**COLLECTED DATA:**
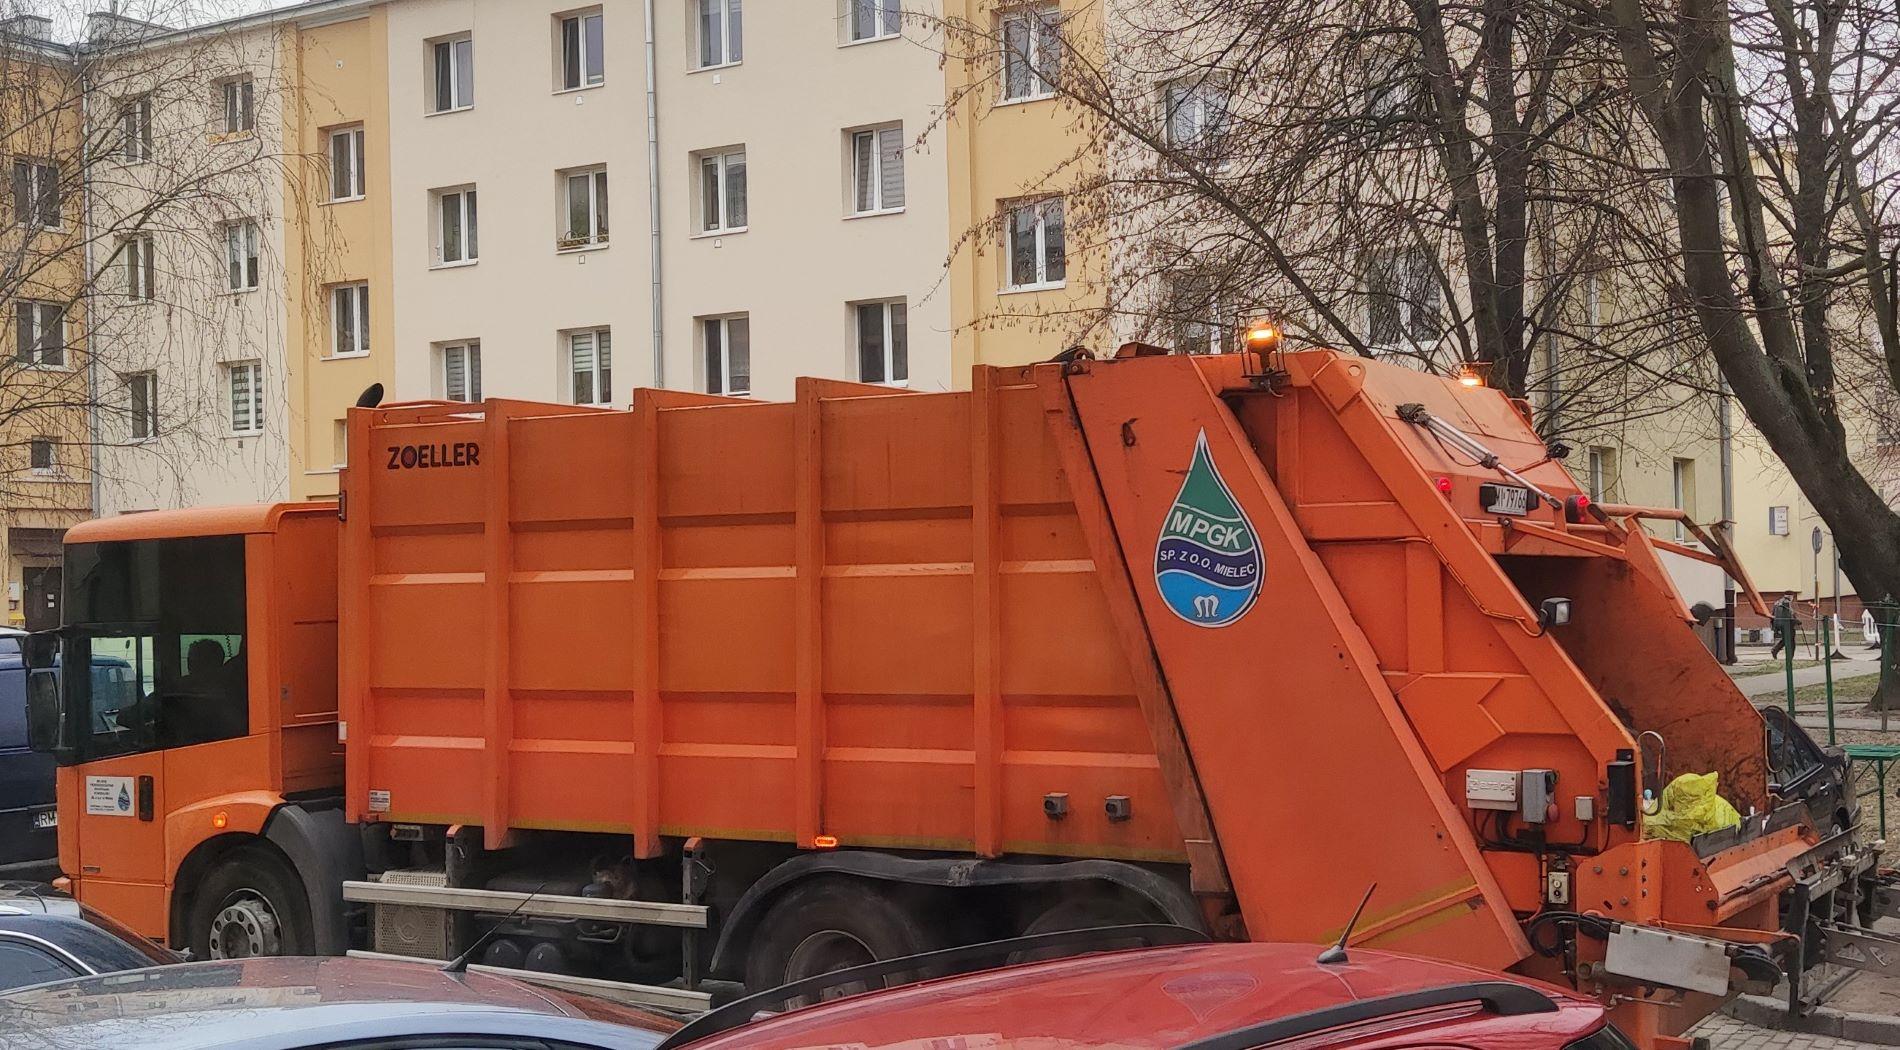 Jest wyczekiwana decyzja w sprawie przetargu na odbiór śmieci w Mielcu - Zdjęcie główne
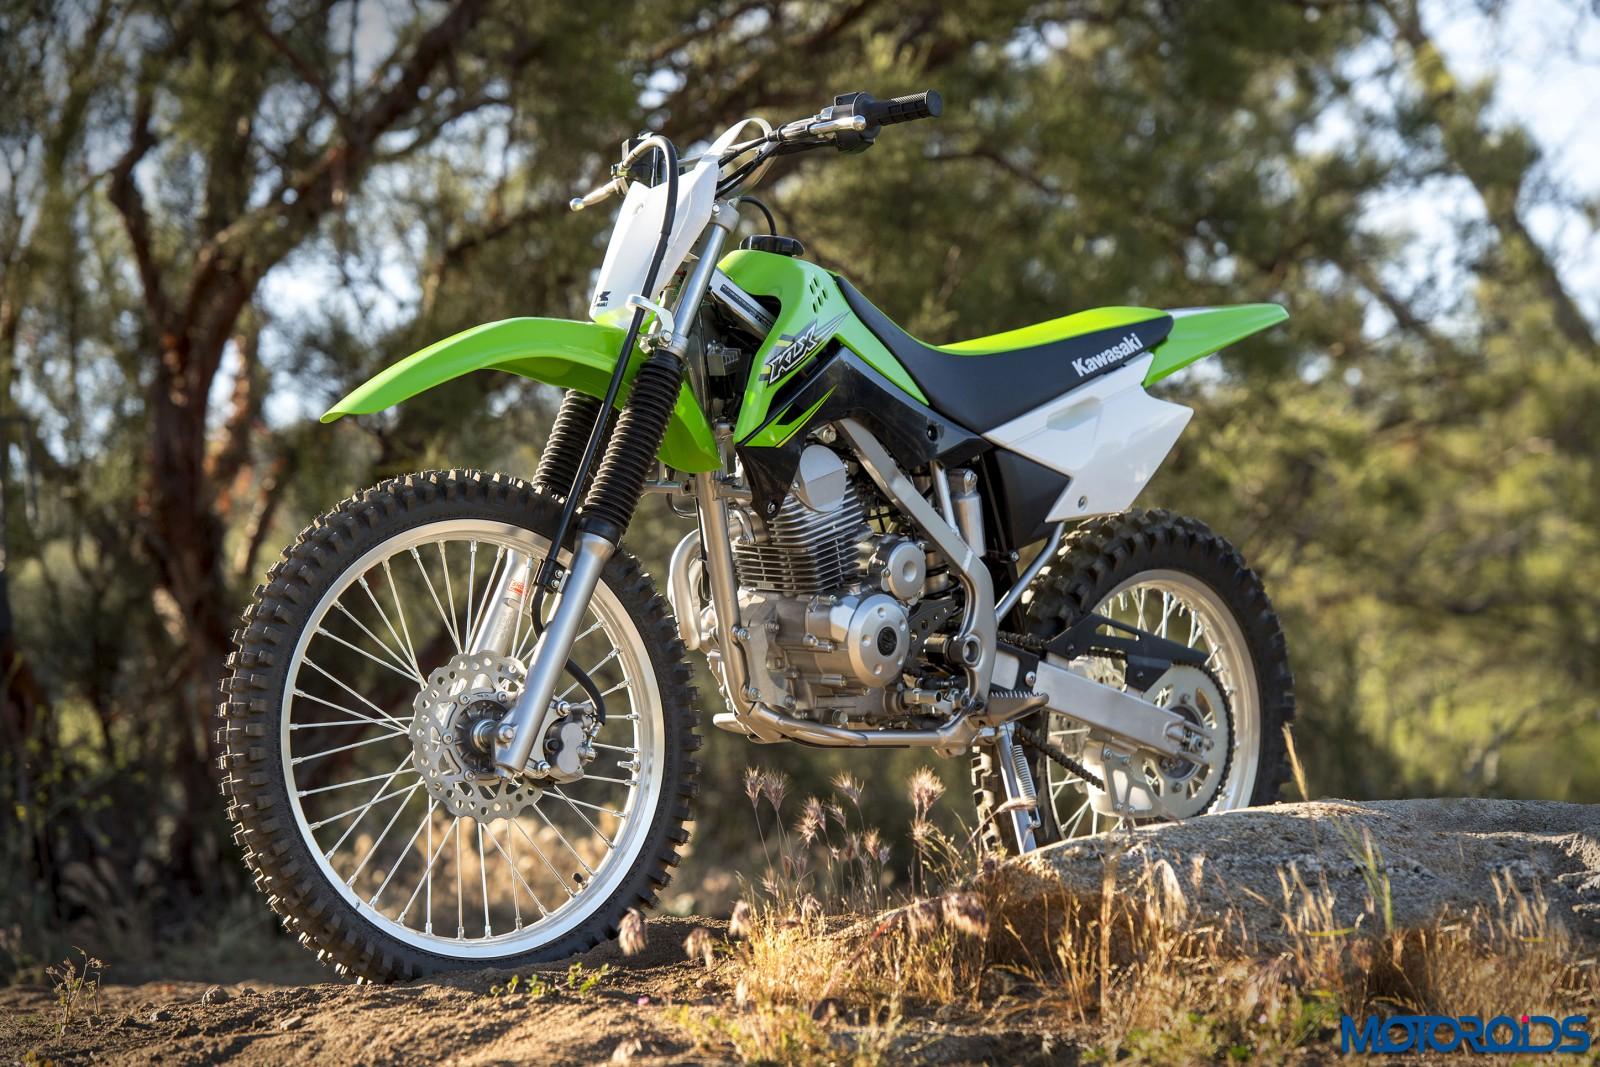 Kawasaki-KLX140-Official-Photographs-7
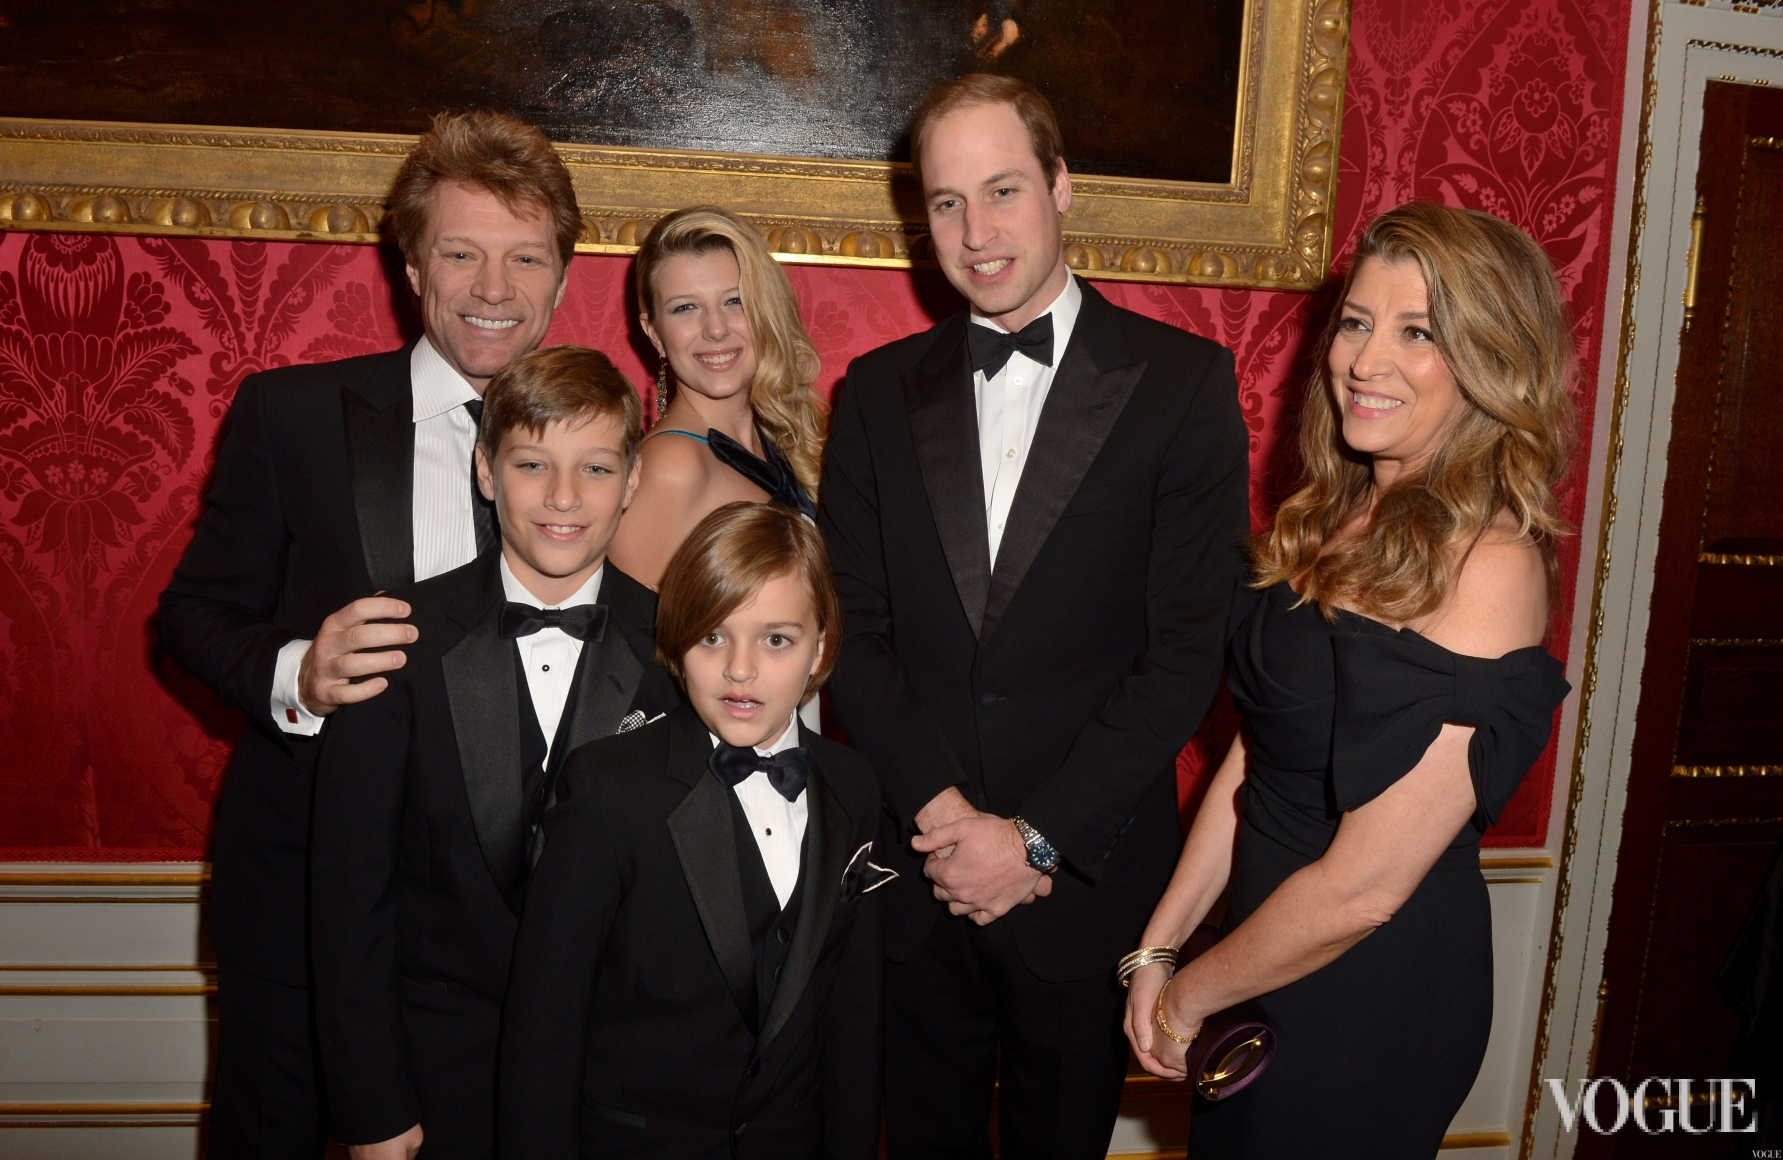 Принц Уильям и Джон Бон Джови с семьей

**WORK TO BE COMPLETED:** Please give back every line above exactly as it stands, without pictures.

**ANSWER BELOW:**
 Jest wyczekiwana decyzja w sprawie przetargu na odbiór śmieci w Mielcu - Zdjęcie główne
 Kawasaki-KLX140-Official-Photographs-7
 Принц Уильям и Джон Бон Джови с семьей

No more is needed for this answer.